Vous avez parlé des manques en matière de recherche. Quels sont les tabous français qui conduisent à cette situation de parent pauvre en matière de recherche, en particulier en épidémiologie ?
Les lois récentes concernant la santé (loi HPST de 2009 ou plus récemment la loi de modernisation de la santé de 2016) ont-elles apporté une amélioration en matière de prise en charge du fait psychique ?
Vous avez parlé de la Dépakine mais aussi des maladies inflammatoires du premier ou du deuxième trimestre de grossesse ; où en est l'état des recherches médicales ?
Comment améliorer le parcours de soins ?
Pensez-vous que la distinction entre neurologie et psychiatrie est toujours d'actualité ou faut-il revenir aux neuropsychiatres d'antan ?
Pr Marion Leboyer. - Le manque de recherche touche absolument tous les domaines de la psychiatrie, pas uniquement l'épidémiologie. Pourtant, les maladies mentales sont des maladies comme les autres qui ont besoin de développement d'outils de compréhension Il s'agit de recherches en neurosciences, en immunologie, en imagerie cérébrale, de développement de modèles animaux, de développement de bio-marqueurs. On a besoin d'avoir accès aux plateformes de métabolomique, de protéomique, de génomique, d'immunologie. Ça implique la construction de bio-banques.
Or, la psychiatrie n'a pas accès aux réseaux des CIC par exemple, ce qui est totalement scandaleux. Je passe mon temps à supplier mes collègues d'avoir accès à toutes ces infrastructures. La psychiatrie est toujours reléguée, considérée comme le parent pauvre qui n'a pas accès à tout cela alors même que les neurologues y ont accès très facilement.

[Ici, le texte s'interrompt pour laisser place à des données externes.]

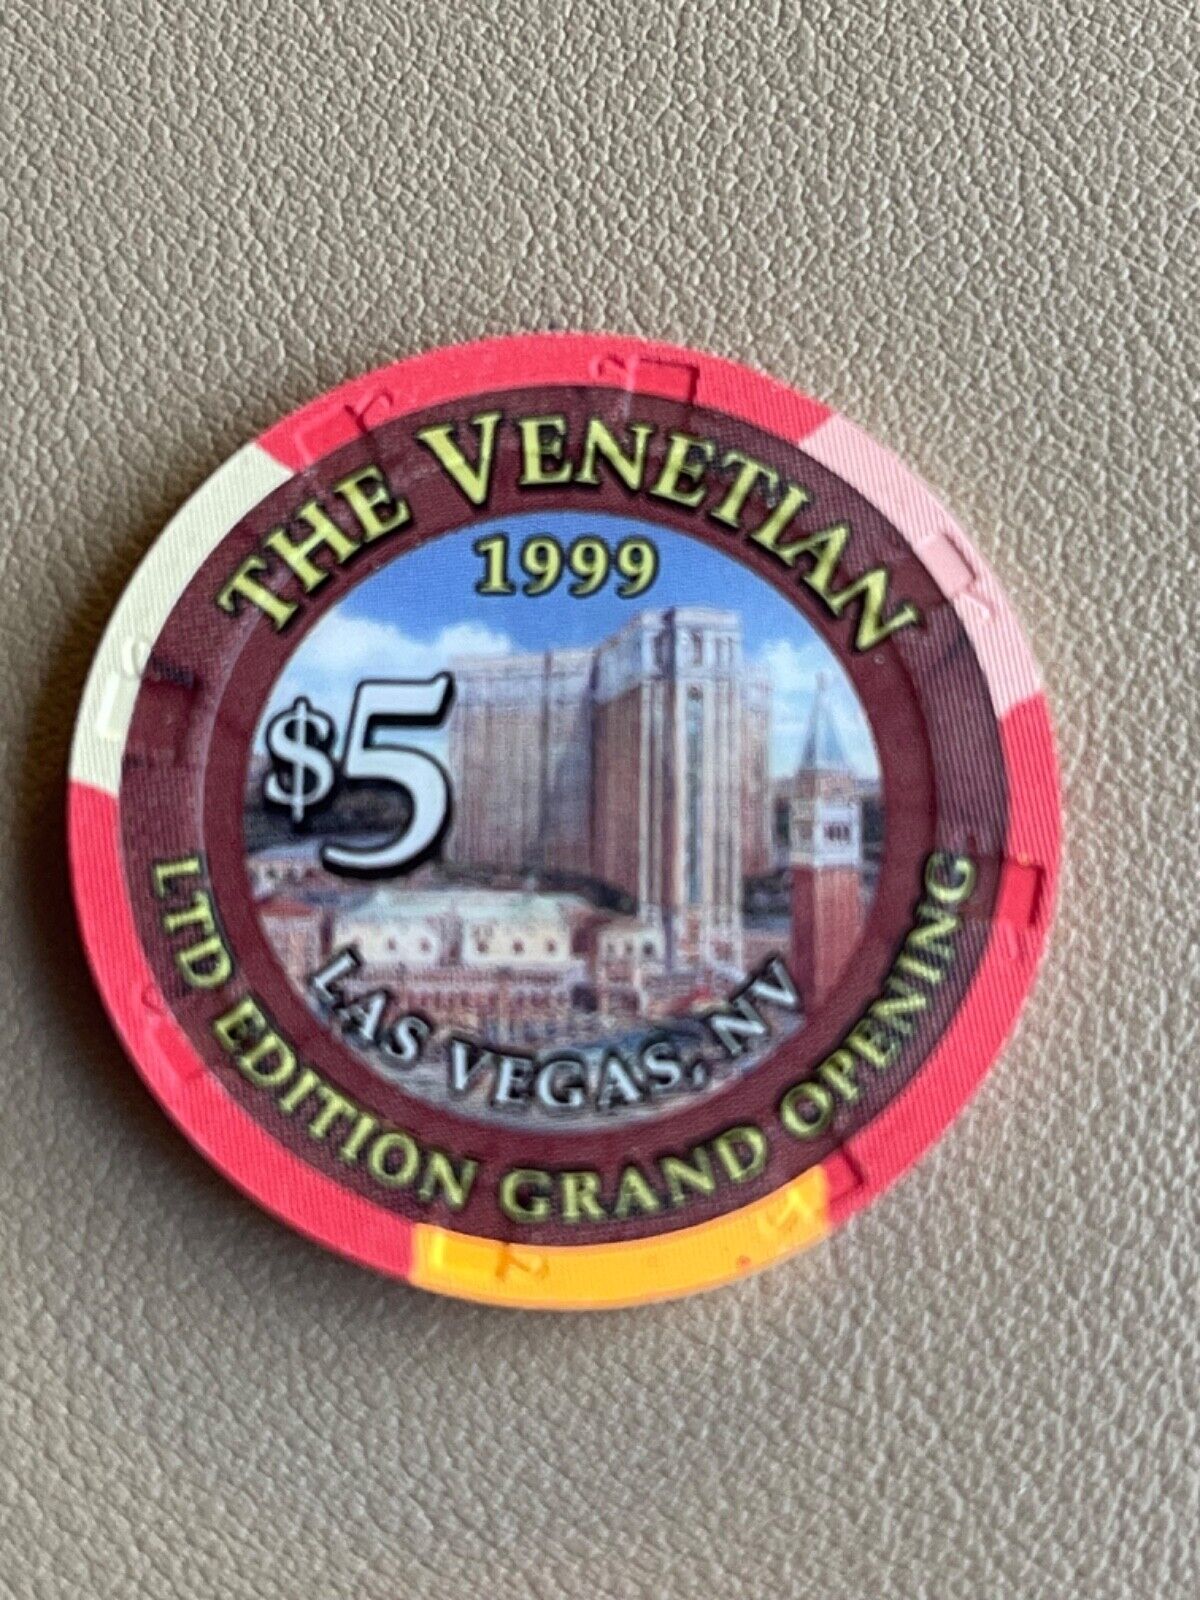 The Venetian Las Vegas 1999 Grand Opening $5 Casino Chip uncirculated

Nous, psychiatres, n'avons accès ni aux financements ni aux infrastructures. Le législateur pourrait se saisir de ce sujet car sans une vraie volonté de donner des moyens et accès aux infrastructures existantes, on n'y arrivera pas.
Pensez-vous vraiment que cela relève du champ de la loi ? Si tel est le cas, il faut effectivement s'en saisir et ce sera l'une de nos toutes premières préconisations.
Pr Marion Leboyer. - Je vous le demande. Les maladies mentales sont des maladies comme les autres qui ont besoin d'innovation et qui peuvent bénéficier, comme dans tous les pays développés, de tous les outils auxquels ont accès les autres spécialistes. On a besoin d'accès aux biobanques, à toutes les plateformes biologiques, à l'imagerie cérébrale, aux grands outils de calculs. Le législateur doit dire que la psychiatrie est un enjeu majeur de santé publique, que la situation s'aggrave et que ça devient une priorité. Tant que ce ne sera pas perçu comme une priorité de santé publique, qui coûte extrêmement cher à la société et à l'État et qui fait que des mineurs malades vont devenir des majeurs malades qui vont se transformer en patients chroniques et résistants et seront pris en charge à l'hôpital, alors qu'on peut faire de la prévention, du dépistage, de l'identification de facteurs de risques environnementaux, il n'y a aucune raison que ça s'arrête. C'est toujours la recherche qui porte l'innovation en médecine. Il y a besoin d'un acte fort qui dise qu'au même titre que les autres disciplines, la psychiatrie a besoin de recherche. En épidémiologie pour chiffrer et pour calculer les besoins de santé, pour identifier les facteurs de risques environnementaux ; en big data pour améliorer la stratification des patients. Et on a besoin d'innovations thérapeutiques. J'ai construit plusieurs projets, afin de développer la e-santé, les compléments alimentaires, la transplantation, qui ne trouvent pas de financement. Nous n'obtenons pas de moyens, ni publics ni privés, pour développer des essais thérapeutiques.